Effectiveness of prophylactic carbetocin versus oxytocin following vaginal delivery for preventing severe postpartum hemorrhage.

Int J Gynaecol Obstet

Centre for Epidemiology and Statistics Sorbonne Paris Cité (CRESS), Obstetrical Perinatal and Pediatric Epidemiology Research Team, EPOPé, INSERM, INRA, Université Paris Cité, Paris, France.

Published: September 2023

Objective: To compare the effectiveness of prophylactic carbetocin with prophylactic oxytocin for preventing severe postpartum hemorrhage (PPH) following vaginal delivery.
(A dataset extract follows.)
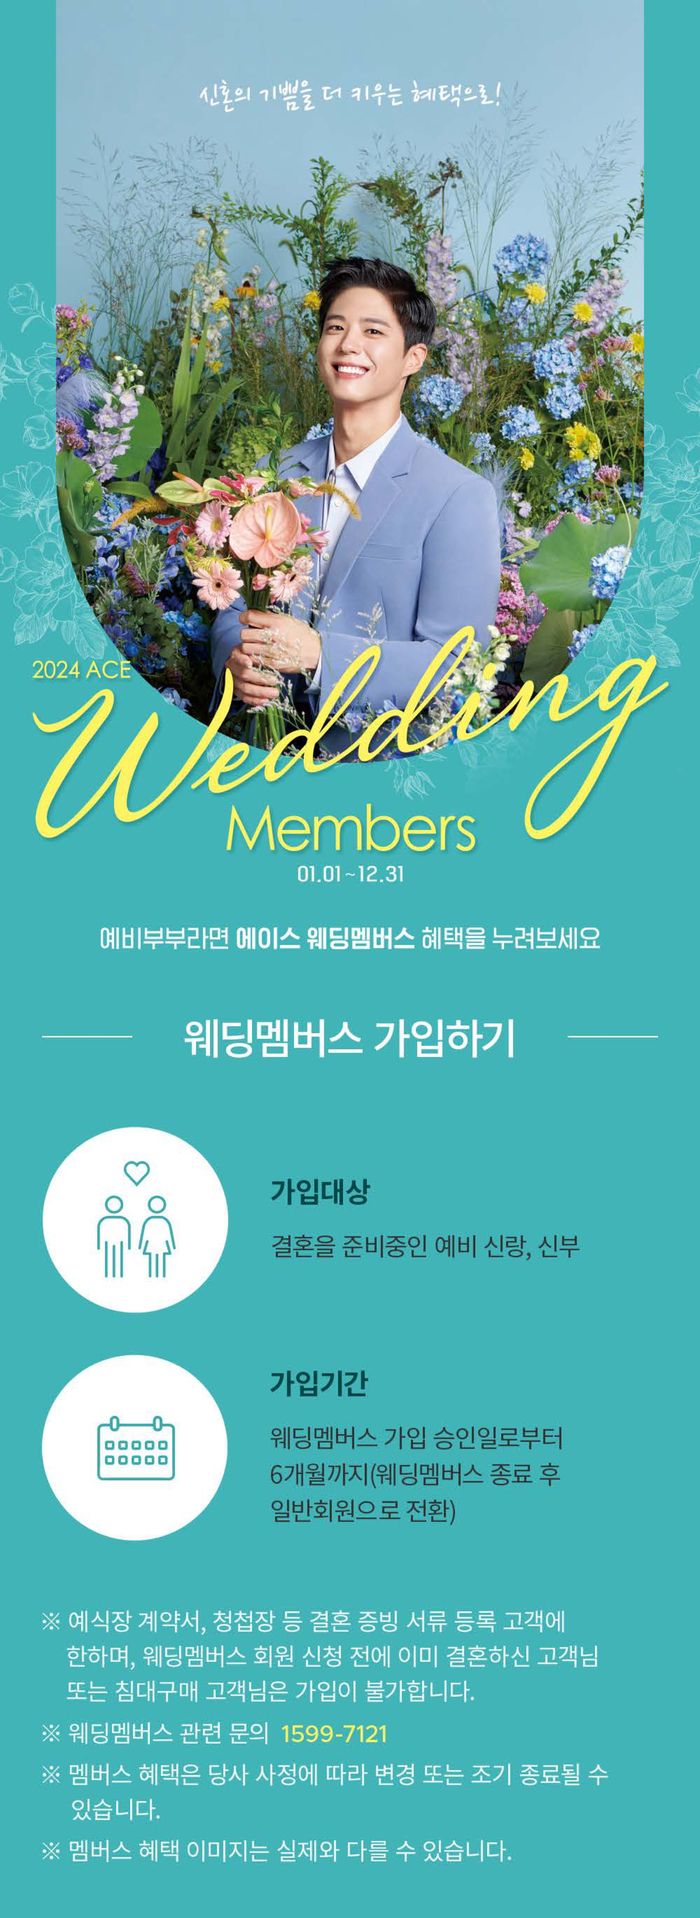 유성구의 에이스침대 카탈로그 | Weeding Members | 2024. 1. 26. - 2024. 12. 31.

Methods: This before and after cohort study took place between 2020 and 2021 in a university maternity hospital. In 2021, the protocol for PPH prevention immediately after vaginal delivery changed: intravenous oxytocin (5 IU) was replaced by intravenous carbetocin (100 μg). All patients with vaginal births were included, with two groups compared: patients who received prophylactic oxytocin in 2020 and those who received prophylactic carbetocin in 2021. The primary outcome was severe PPH, defined as one or more of the following: estimated blood loss ≥1500 mL, transfusion ≥4 units of red blood cells, Bakri balloon use, embolization, vascular ligation, hysterectomy, and maternal death.

Results: Among 4832 women included, 2417 received oxytocin and 2415 received carbetocin. The rate of severe PPH was similar in both groups (0.5% vs. 0.6%, respectively; adjusted odds ratio, 0.8 [95% confidence interval, 0.4-1.8]). The rate of PPH ≥500 mL was lower in the carbetocin group (4% vs. 5.8%; P = 0.004).

Conclusion: Although prophylactic carbetocin was associated with a reduction in the rate of PPH ≥500 mL, carbetocin is no different to oxytocin in preventing severe PPH caused by atony after vaginal delivery.